Yesterday, the New York State Appellate Division, Third Department, ruled against Chenango County Department of Social Services and reversed a Supreme Court judge's ruling that Andrew PP neglected his daughter by having verbal and physical altercations with her mother while she was present, by failing to go for domestic violence counseling, and by failing to pay child support.
In its ruling the Appellate Division defined neglect by quoting the law. "[A] party seeking to establish neglect must show, by a preponderance of the evidence, first, that a child's physical, mental or emotional condition has been impaired or is in imminent danger of becoming impaired and second, that the actual or threatened harm to the child is a consequence of the failure of the parent or caretaker to exercise a minimum degree of care in providing the child with proper supervision or guardianship" (Nicholson v Scoppetta)."
The standard for neglect is that the petitioner (Chenango County DSS) must show by a preponderance of credible evidence that the "child has been harmed or threatened with harm. In the absence of such proof, the statutory requirement of impairment or imminent danger of impairment will not be satisfied and neglect will not be established"
While the upper courts always give deference to the lower courts, as they did in this case, the court ruled that the petitioner had failed to meet the burden of proof, and therefore the case had to be reversed. Furthermore, the court made several points in relation to the subject of neglect.
First, the Appellate Division stated that "Proof that respondent has failed to meet his child support obligations does not, by itself, rise to the level of neglect." In other words, there was no evidence the child was harmed by the father's failure to pay child support of $50 a month. Indeed, the child was being well cared for.

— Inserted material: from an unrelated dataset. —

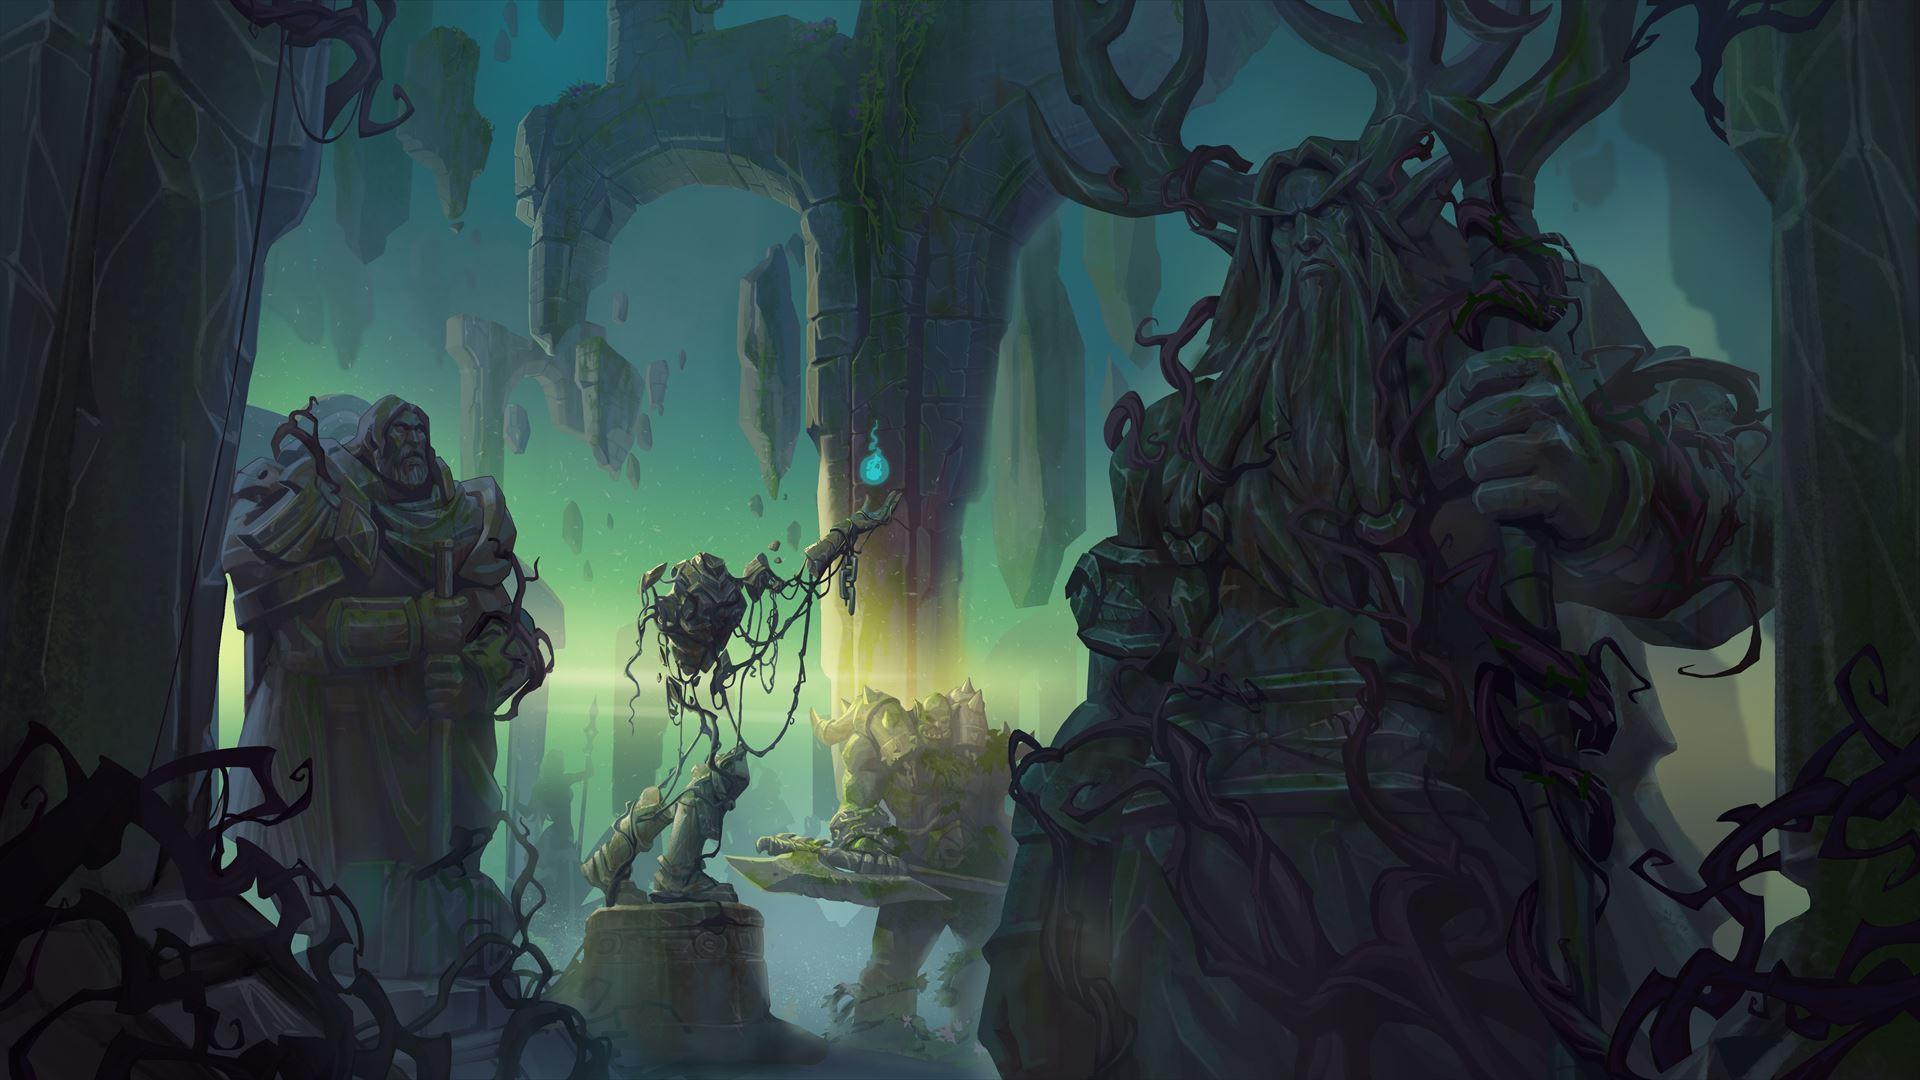 アウトランドは、「World of Warcraft: The Burning Crusade」の戦火によって荒廃している

Secondly, while the court stated that verbal and physical altercations between the father and mother were inappropriate, it also had the following to say:
"We further find that petitioner has failed to meet its burden of demonstrating by a preponderance of the evidence that respondent's conduct in engaging in verbal and physical altercations with Heather OO. impaired or posed an imminent danger of impairing Alyssa's physical, mental or emotional condition. While the parties agreed that they frequently argued with one another, and that such verbal disputes often involved screaming and hollering, with respondent ultimately leaving the home before things escalated, such proof does not constitute the level of conduct that has been found to serve as a basis for neglect (see Matter of Anthony PP., 291 AD2d 687, 688 [2002]). Although there was evidence that respondent and Heather OO. engaged in a number of physical altercations, there was no proof that Alyssa was present in the home during any such altercations, with the exception of an October 2004 incident. As to that incident, the record is devoid of proof that physical injury resulted to any participant or that Alyssa — who was then an infant and in a crib upstairs — witnessed or was otherwise aware of the incident..."

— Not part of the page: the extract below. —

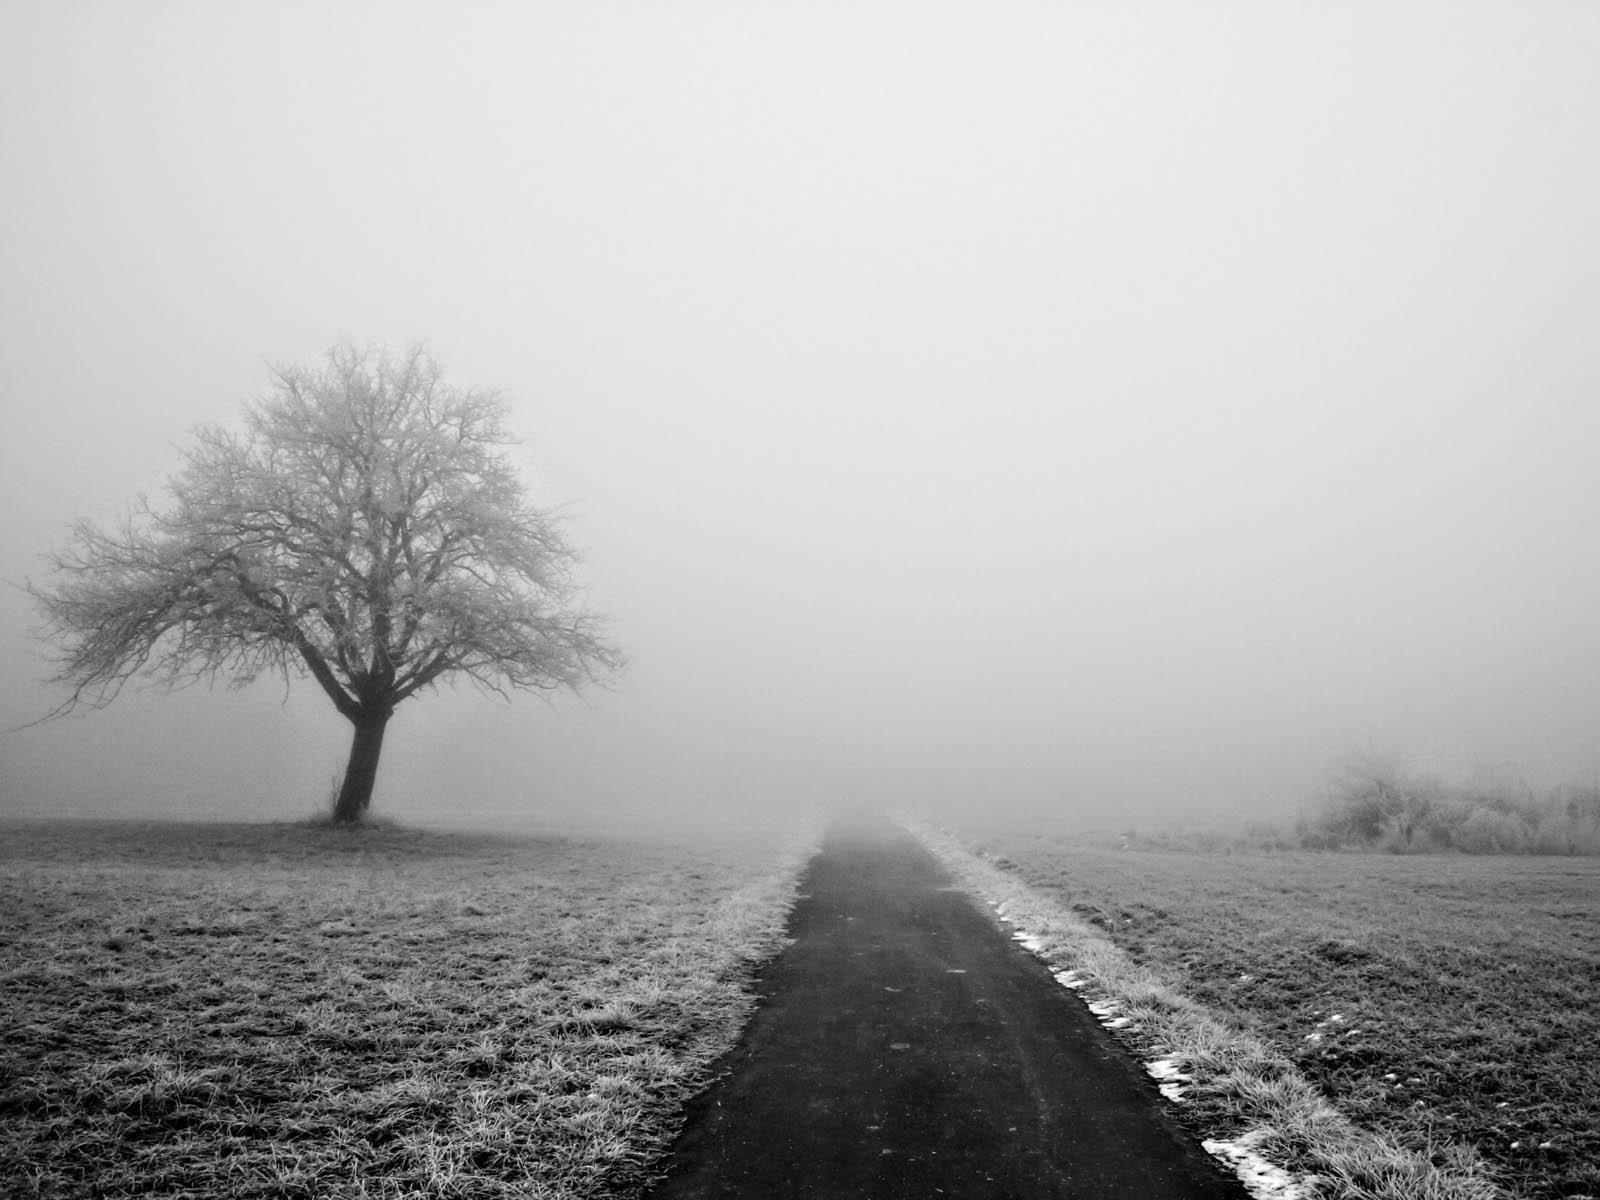 Hình ảnh thể hiện sự cô đơn

Finally, on the issue of going for domestic violence counselling, the court said, "Nor was there any evidence to support petitioner's assertion that respondent neglected Alyssa by failing to obtain counseling for domestic violence. No evidence was presented establishing that respondent was ever required to obtain such counseling. Moreover, respondent's testimony that he went to a counselor and discussed the domestic issues between he and Heather OO. went unrebutted."